Eventually, Emmet Sheehan and Shohei Ohtani will enter the mix. Ohtani threw another light bullpen session Wednesday afternoon as the Dodgers continue to take his recovery slowly coming off a second major elbow ligament reconstruction.
The bullpen, which has logged a major league-leading 64 innings this season, has done its part. It ranks fourth in baseball with a 2.25 ERA, logging 6 2/3 scoreless innings after Knack departed Wednesday.
“I think it’s kind of expected,” Kirby Yates said. “I think with the way everybody has pitched in the past and (is capable of doing), everybody’s just going out there doing their job.”
Roberts spent much of Wednesday afternoon still stewing on what he saw Tuesday, when the Dodgers whiffed 15 times against a collection of Nationals arms that paled in comparison to some of the high-powered talents they’d seen in the season’s first few weeks.
“I just don’t think 15 strikeouts with our ballclub should happen,” Roberts said, lamenting the poor quality of at-bats. “We faced (Tarik) Skubal and we faced (Chris) Sale and we didn’t punch 15 times. For me, that’s just — I don’t think we’ll see that again this year.”
The Dodgers struck out a combined seven times against the two reigning Cy Young winners — and 15 times against Brad Lord (who spent the offseason working at a Home Depot), Colin Poche, Orlando Ribalta and Jackson Rutledge.

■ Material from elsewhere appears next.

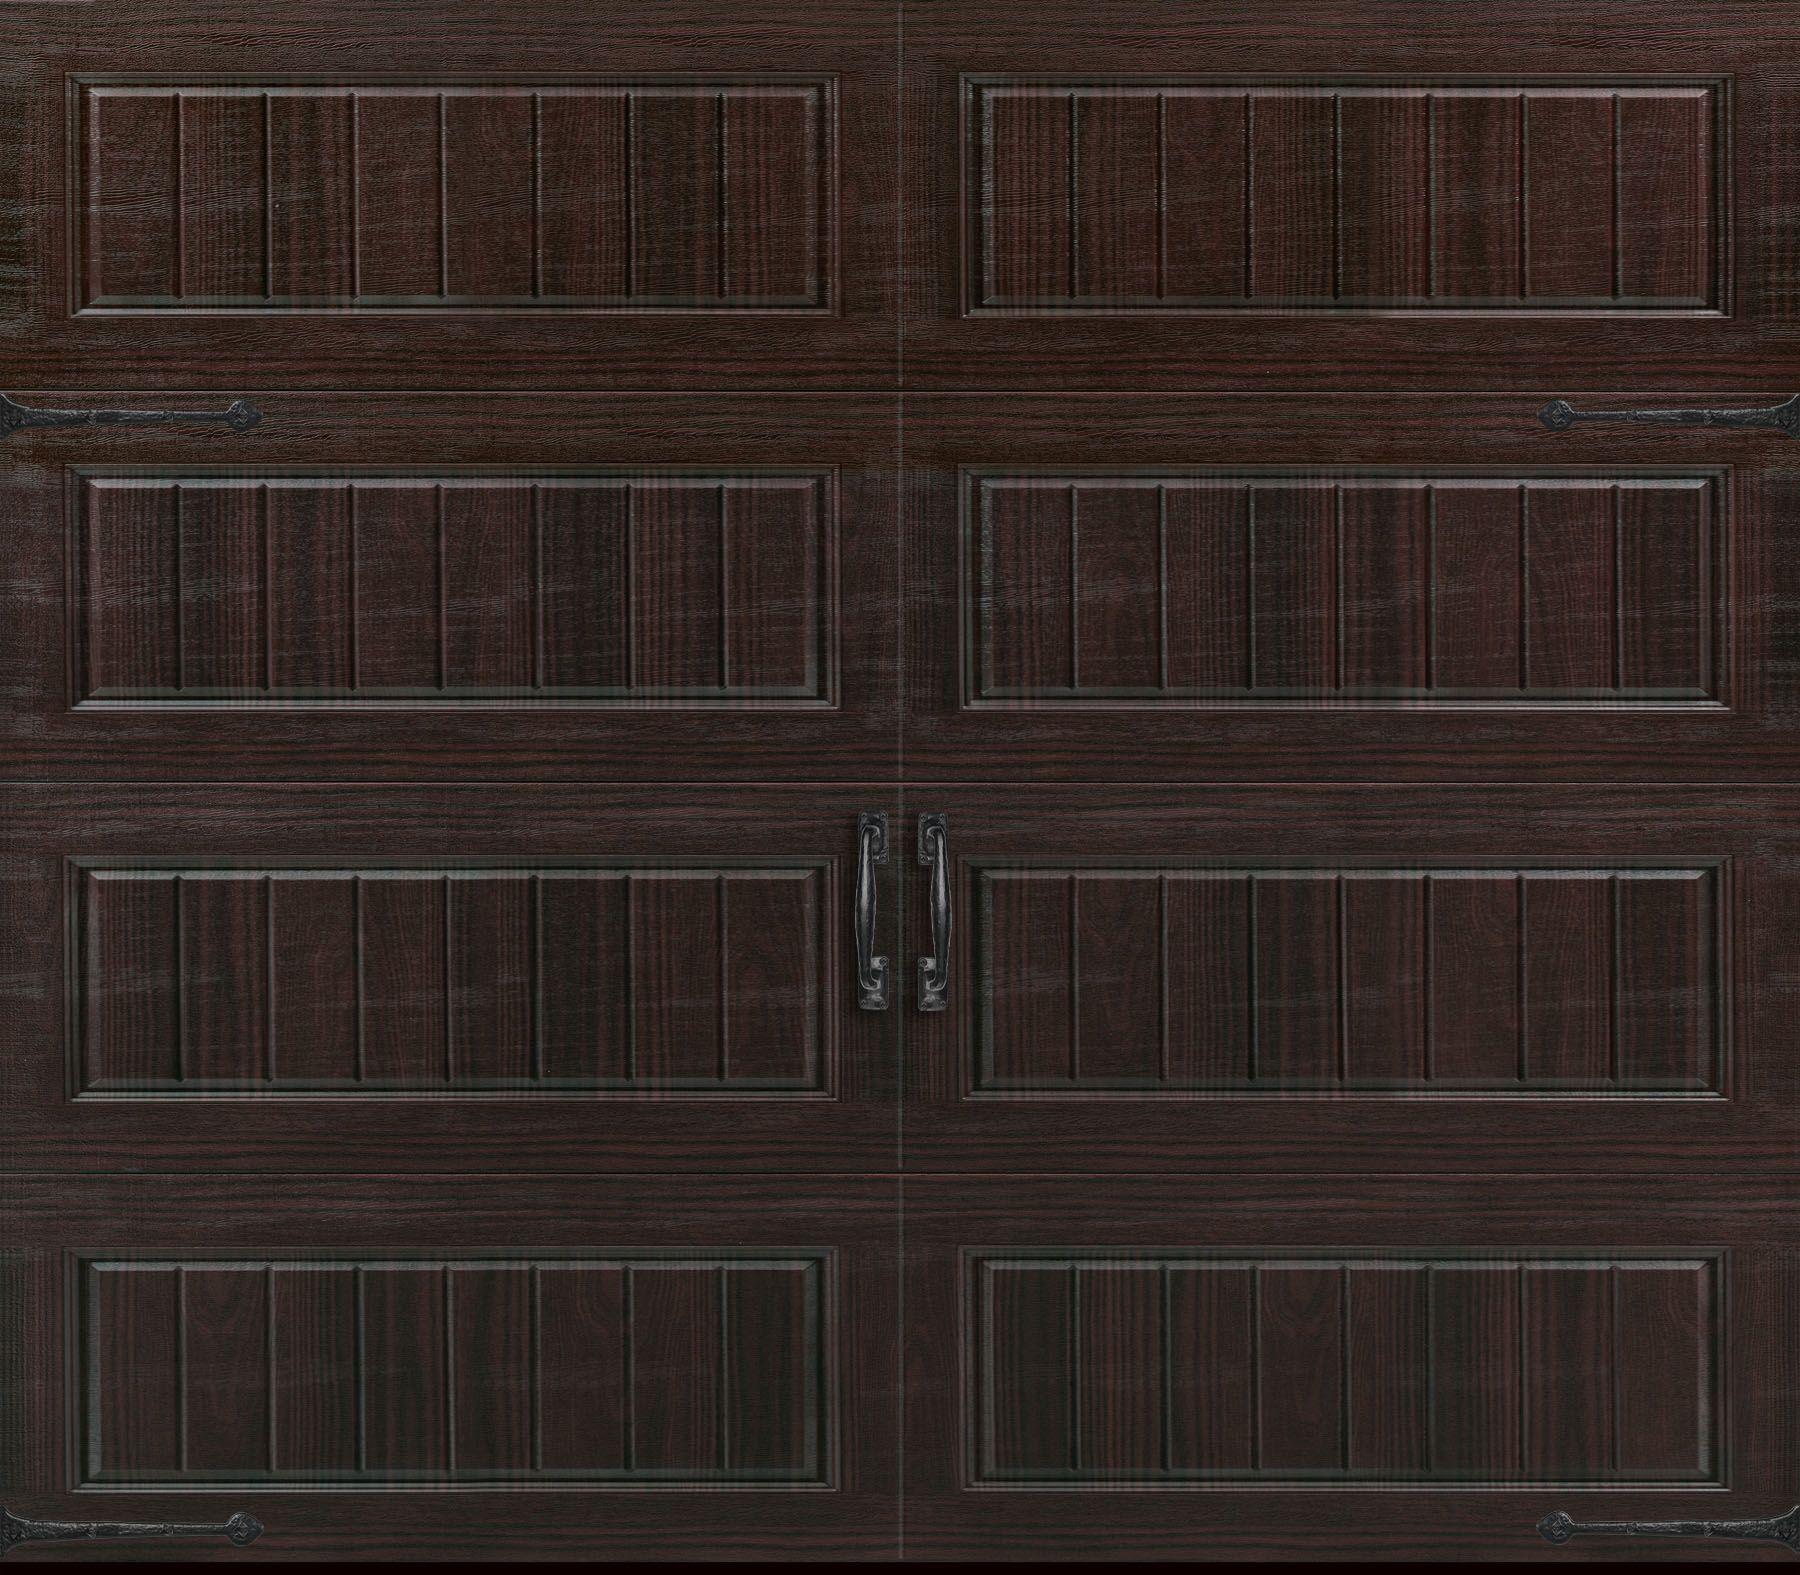 1575 #2F2621  Www.amarr.com Exterior Pinterest Garage Doors Doors And Garage save image Amarr Commercial Doors 36671800
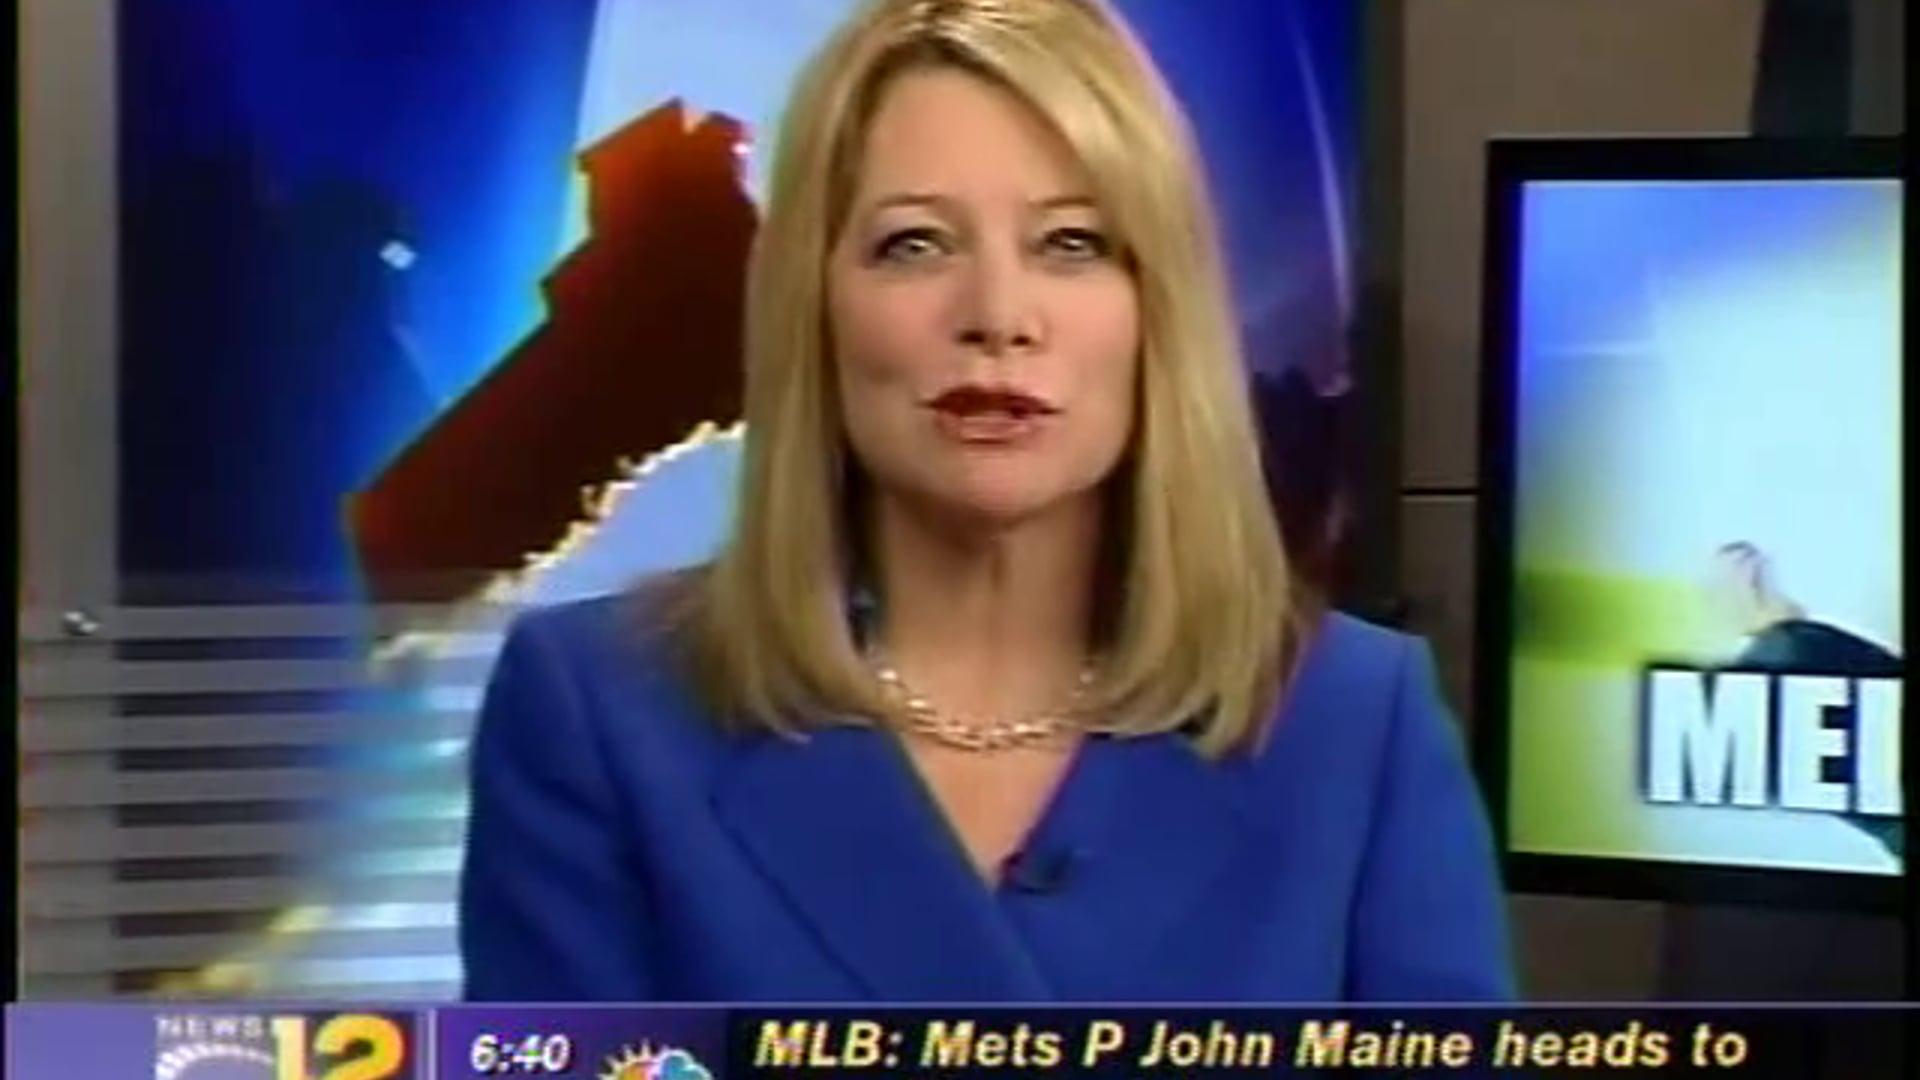 NEWS 12 CONNECTICUT: Women's Sports Injury Program at Yale University

This vaunted offense has struck out 10 or more times in five of the last six games.
“It’s pretty stark, pretty clear that the team at-bats just haven’t been that consistent,” Roberts said.
Wednesday had an encouraging start, at least. The first four batters reached safely and scored against Irvin, with the Dodgers forcing the right-hander to throw 37 pitches. He’d need just 66 to get through the next five innings. It took until the seventh for the Dodgers to find daylight again, with Pages’ homer, Ohtani beating out an infield single, stealing second and scoring when Teoscar Hernández lofted a single into the outfield.
“We’ve been having a lot of quick innings,” Kiké Hernández said. “I don’t think we’ve really ran a starting pitcher out of there early in the game, which is something we pride ourselves on as an offensive unit. We’ve been letting the starting pitcher settle down. We’ve gotten a couple of them early, but then we’ve just let him settle down and cruise through the rest of the game. There’s been a lot of six-inning outings against us, which is for us — that needs to change.”
Getting Freeman back will help. The former MVP is expected to return to the lineup Friday night when the Dodgers return home against the Chicago Cubs. They can move past a cold, miserable 2-4 road trip.
“At some point, we were going to play sh–ty baseball,” Hernández said, “and it just seemed like this was the week to do that.”